ASSIGNMENT ▸ Write out exactly the lines running from the one with "Centerforce 04614800 Clutch" to the end of the data, including both of those lines and excluding pictures.

DATA BLOCK ▸
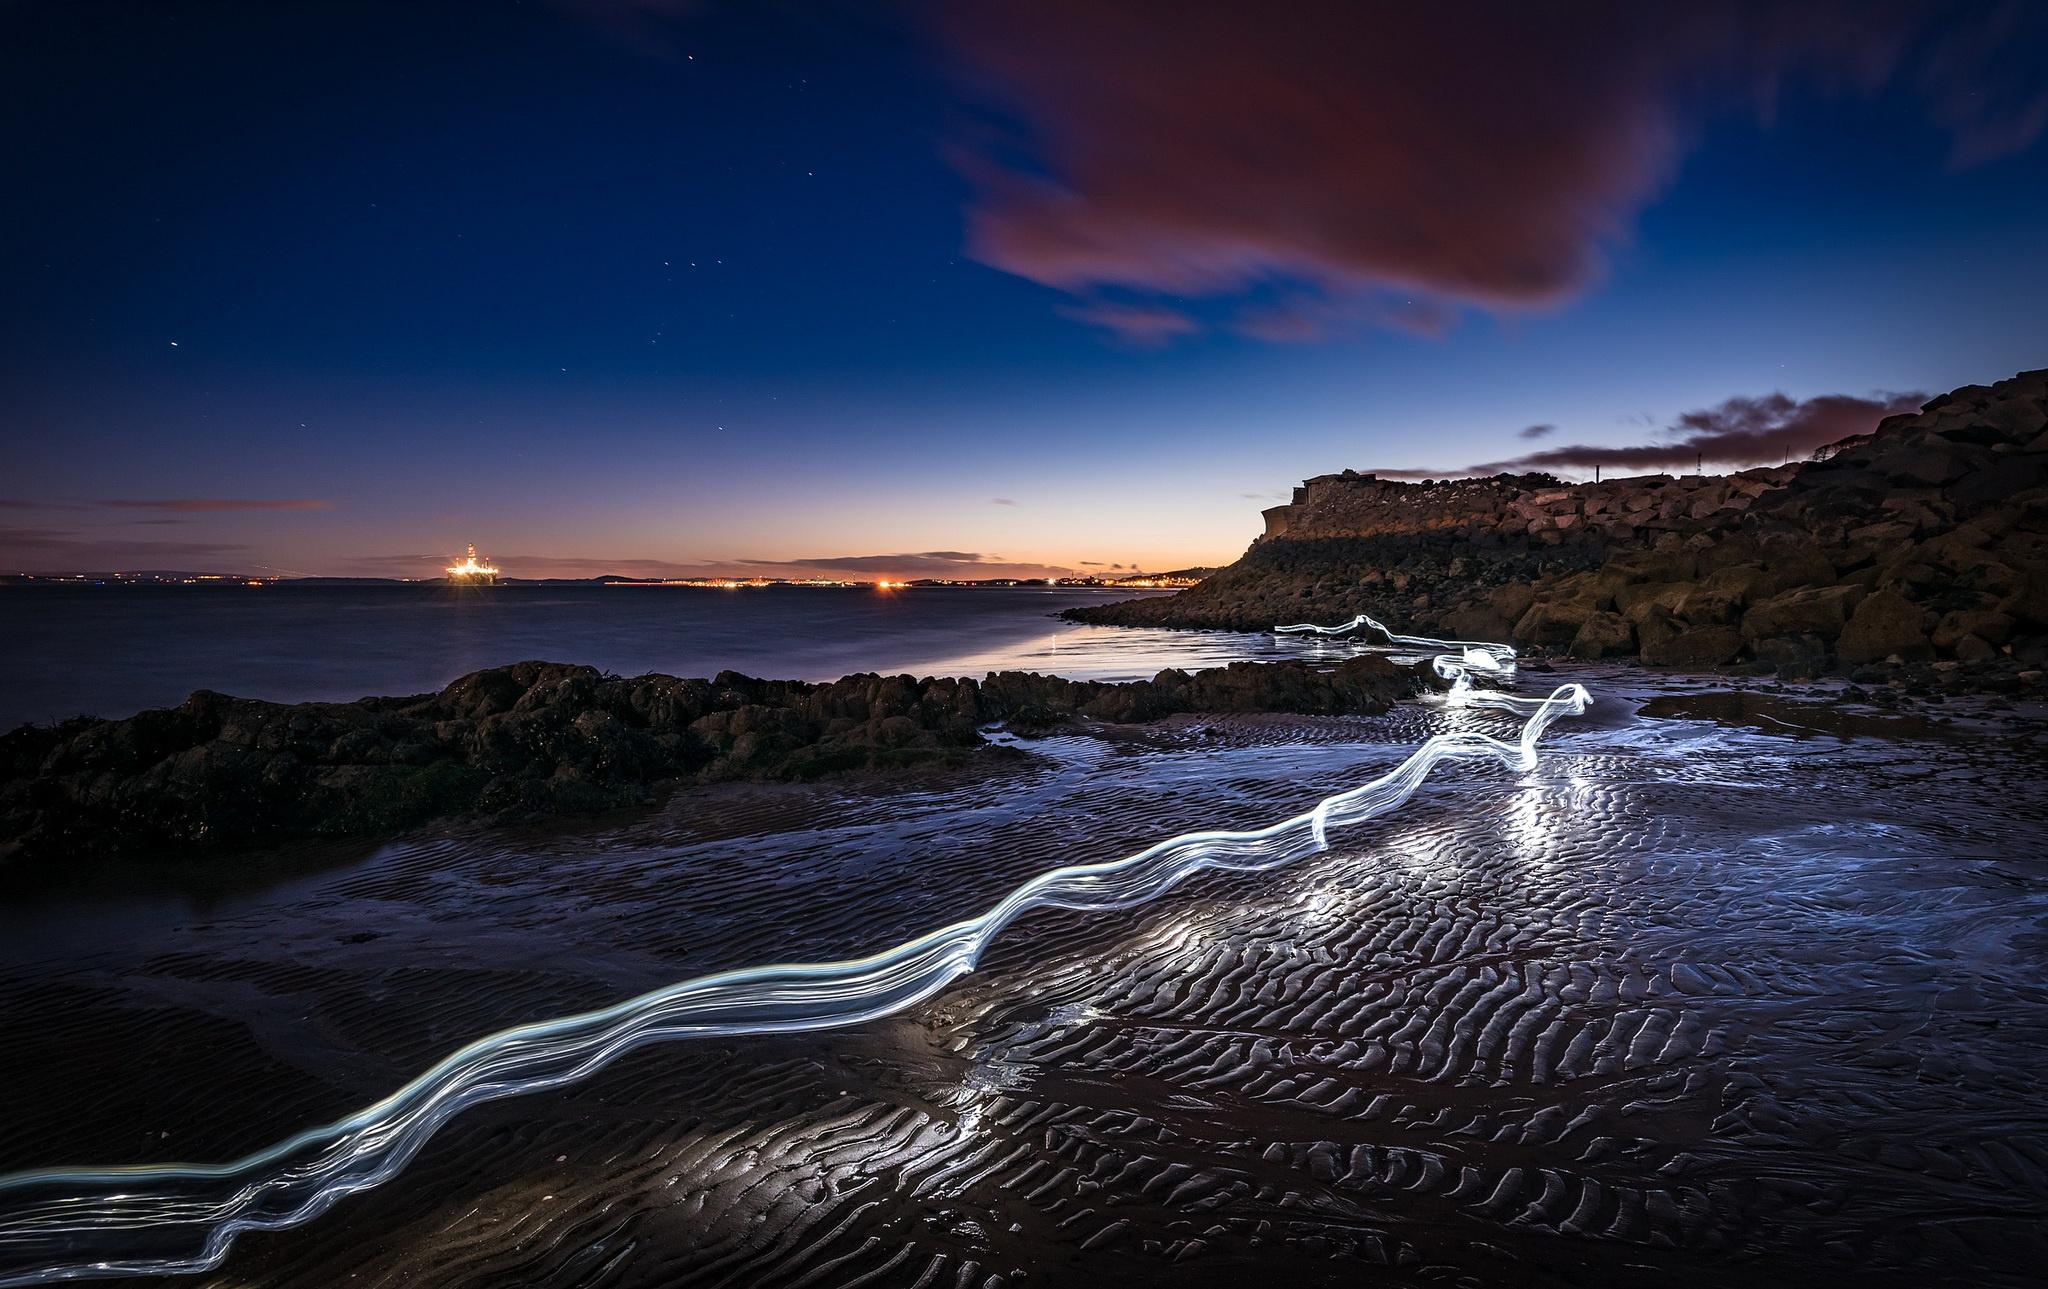 Beach Nature Night Time Lapse 2048x1289
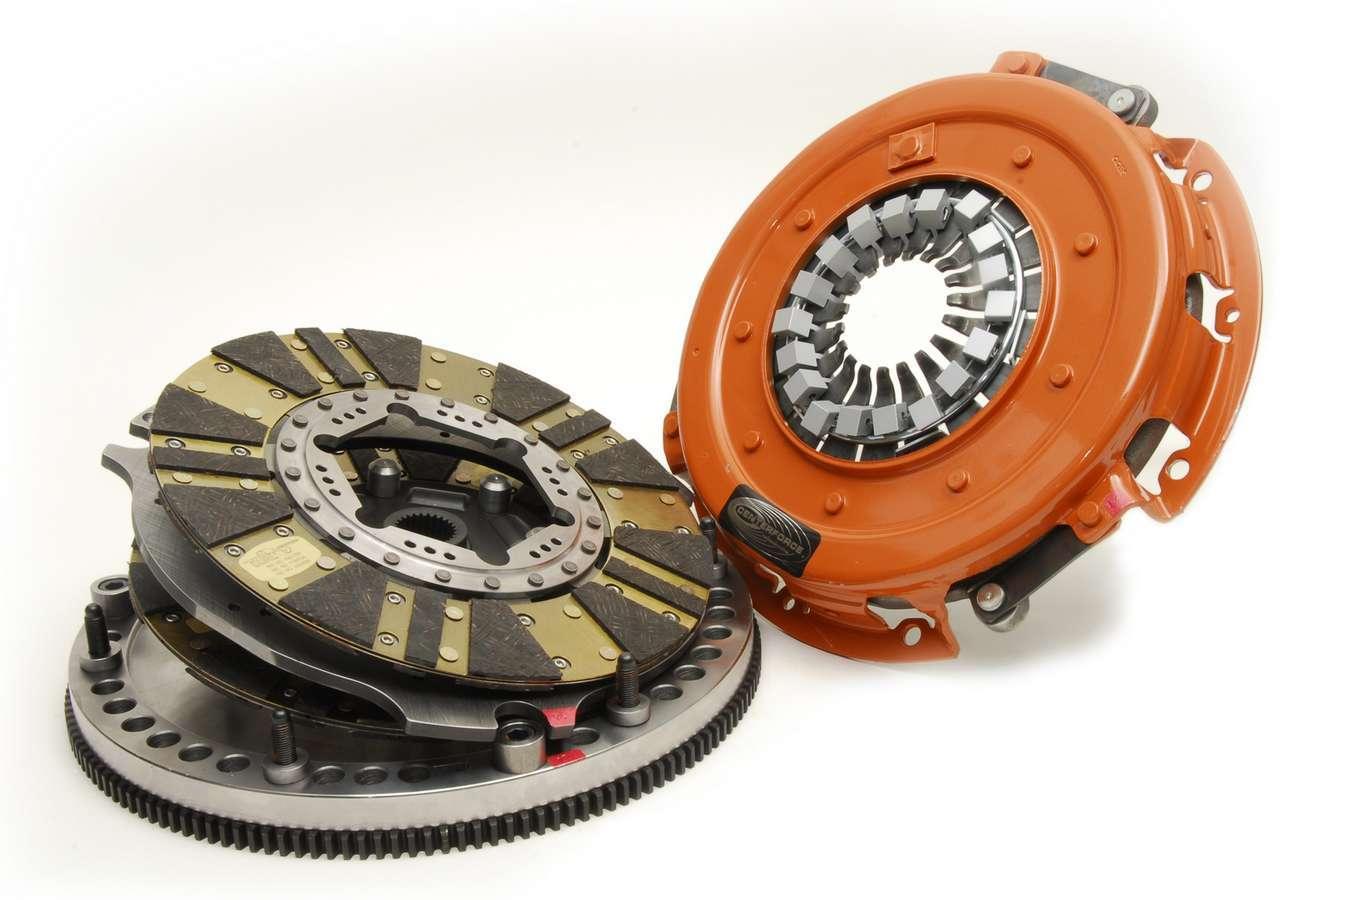 Centerforce 04614800 Clutch Kit, DYAD, Twin Disc, 10-1/2 in Diameter, 1-1/8 in x 26 Spline, Sprung Hub, Flywheel, Organic, 2 Piece Seal, GM V8, Kit
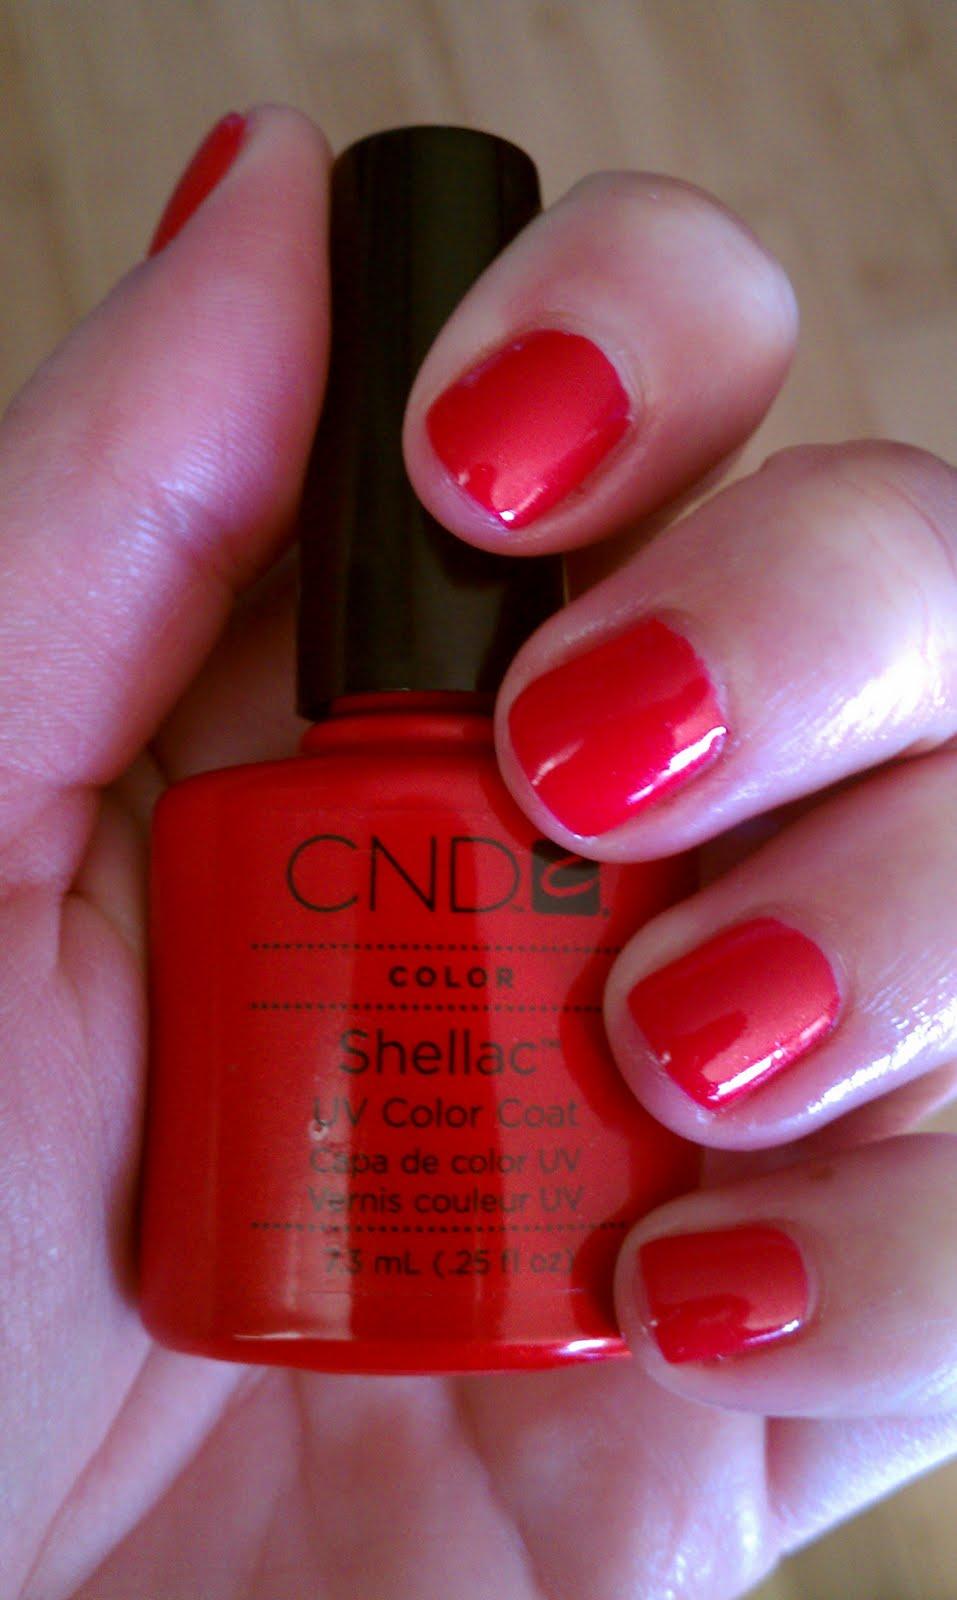 Cnd shellac wildfire фото на ногтях
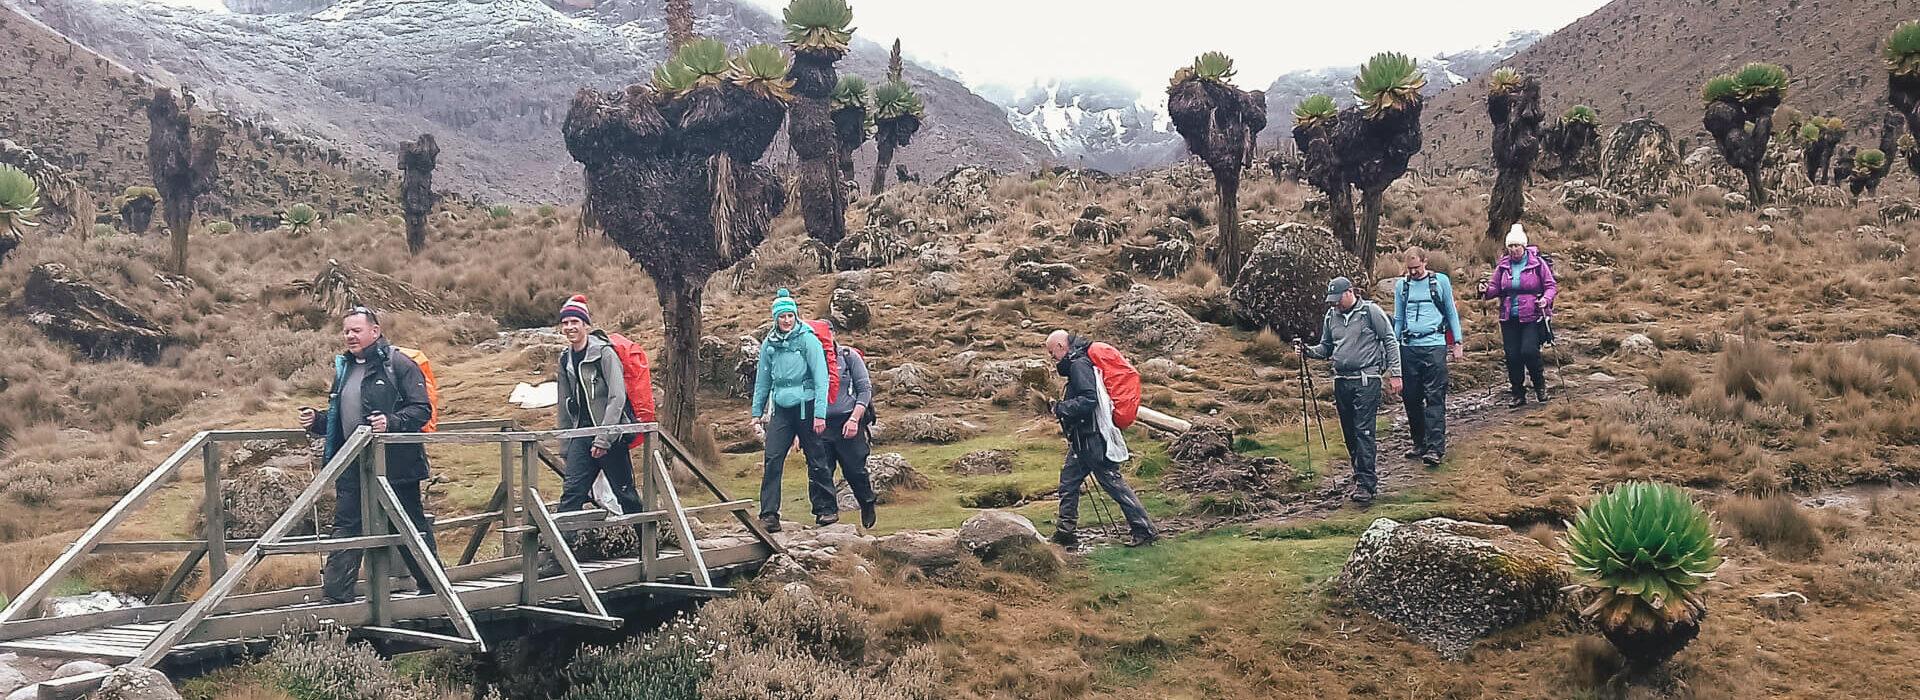 Kenya Tri-Adventure with Earth's Edge 3

SOLUTION TO THIS PROBLEM ▸
 Centerforce 04614800 Clutch Kit, DYAD, Twin Disc, 10-1/2 in Diameter, 1-1/8 in x 26 Spline, Sprung Hub, Flywheel, Organic, 2 Piece Seal, GM V8, Kit
 Cnd shellac wildfire фото на ногтях
 Kenya Tri-Adventure with Earth's Edge 3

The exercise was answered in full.